Gaze fixation data was measured and recorded using the Tobii ET-17 infrared bright-pupil corneal-reflection eye-tracker. Data was recorded at 30 Hz (i.e., 1 video frame per second) and each infant was calibrated using a five-point attention-getter prior to beginning the experiment in order to ensure positional validity of gaze measurements. All five calibration points were required prior to data collection. Fixations were calculated as the mean x–y position of all consecutive gaze data that fell within a 30-pixel radius (~1.5 cm) for at least 100 milliseconds (~3 video frames). Data was not used if calibration was unsuccessful, if too little eye-tracking data was recorded (i.e., less than 15% of time when infant was actually looking toward the screen in any given episode1), or if the infant became too upset during the task to track.
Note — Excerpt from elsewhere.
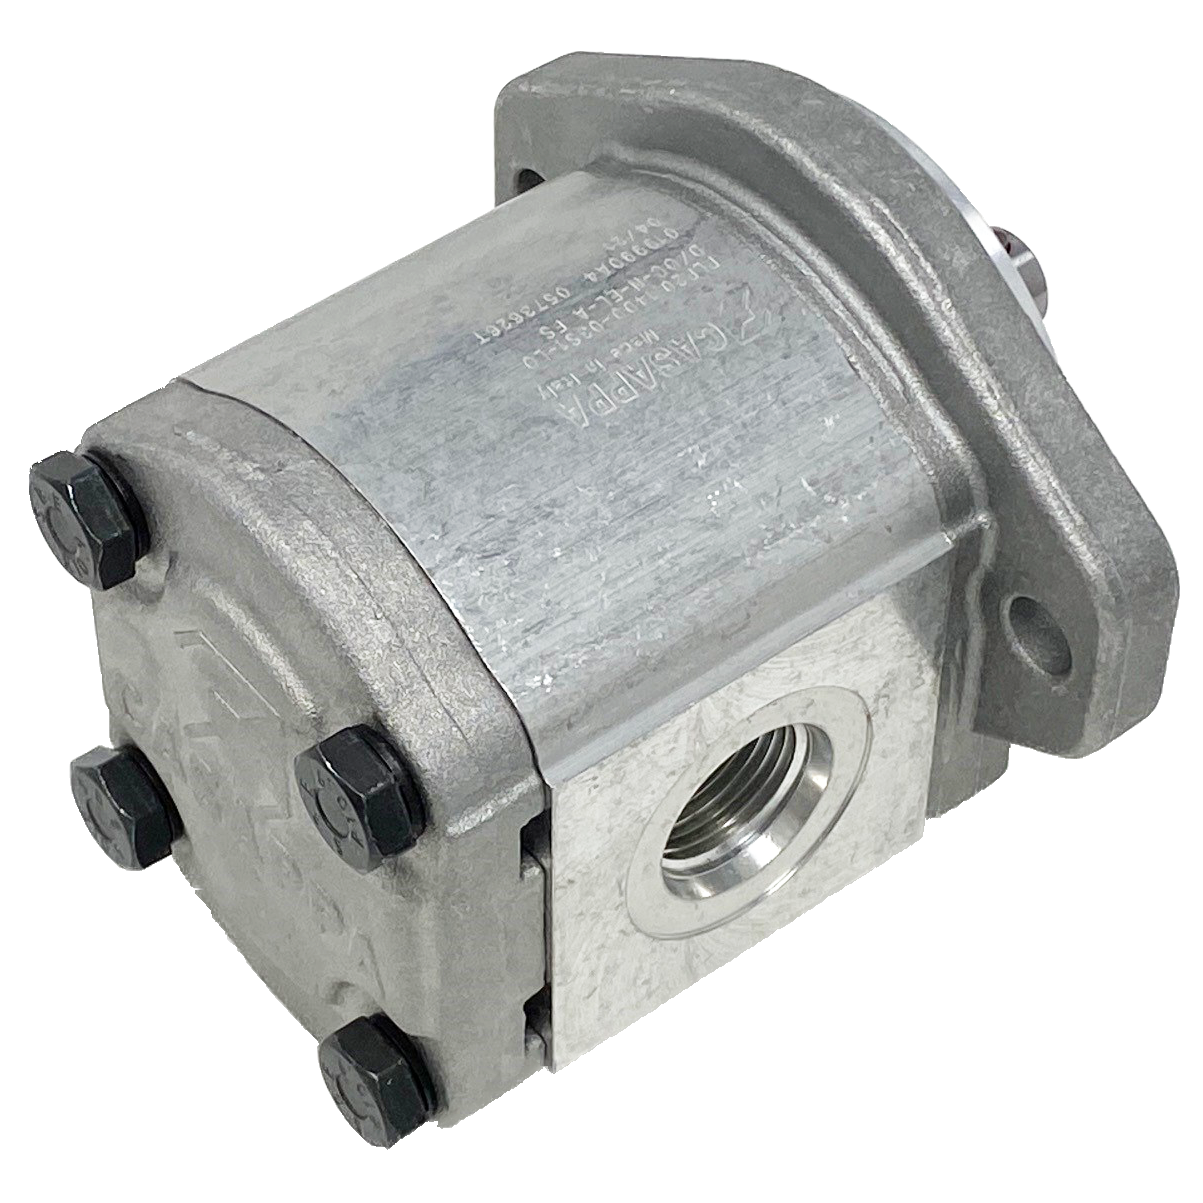 PLM20.16B0-31S1-LOC/OD-N-EL : Casappa Polaris Gear Motor, 16.85cc, 3625psi Rated, 3000RPM, Reversible Interior Drain, 5/8" Bore x 5/32" Key Shaft, SAE A 2-Bolt Flange, 0.625 (5/8") #10 SAE Inlet, 0.75 (3/4") #12 SAE Outlet, Aluminum Body & Flange

Raw gaze position was exported as a video overlay on the video of the mother as seen by the infant and as recorded at the time of the experiment. Fixation start and stop times, synchronized to the video overlay, were simultaneously exported as a text file and used as the coding template for each infant. As detailed in Merin et al., (2007), coders then coded each fixation listed on the template as they watched the video with gaze overlay, indicating the area-of-interest (AOI) for each fixation. Coder reliabilities for each of 10 different AOIs (e.g., left eye, right eye, cheek, hair, etc.) were calculated on approximately 20% of the files, with intra-class correlations for each AOI all above .90. Coded eye-tracking data yielded duration and frequency scores for each AOI which were further collapsed to yield eye, mouth, and other face fixation frequencies and durations.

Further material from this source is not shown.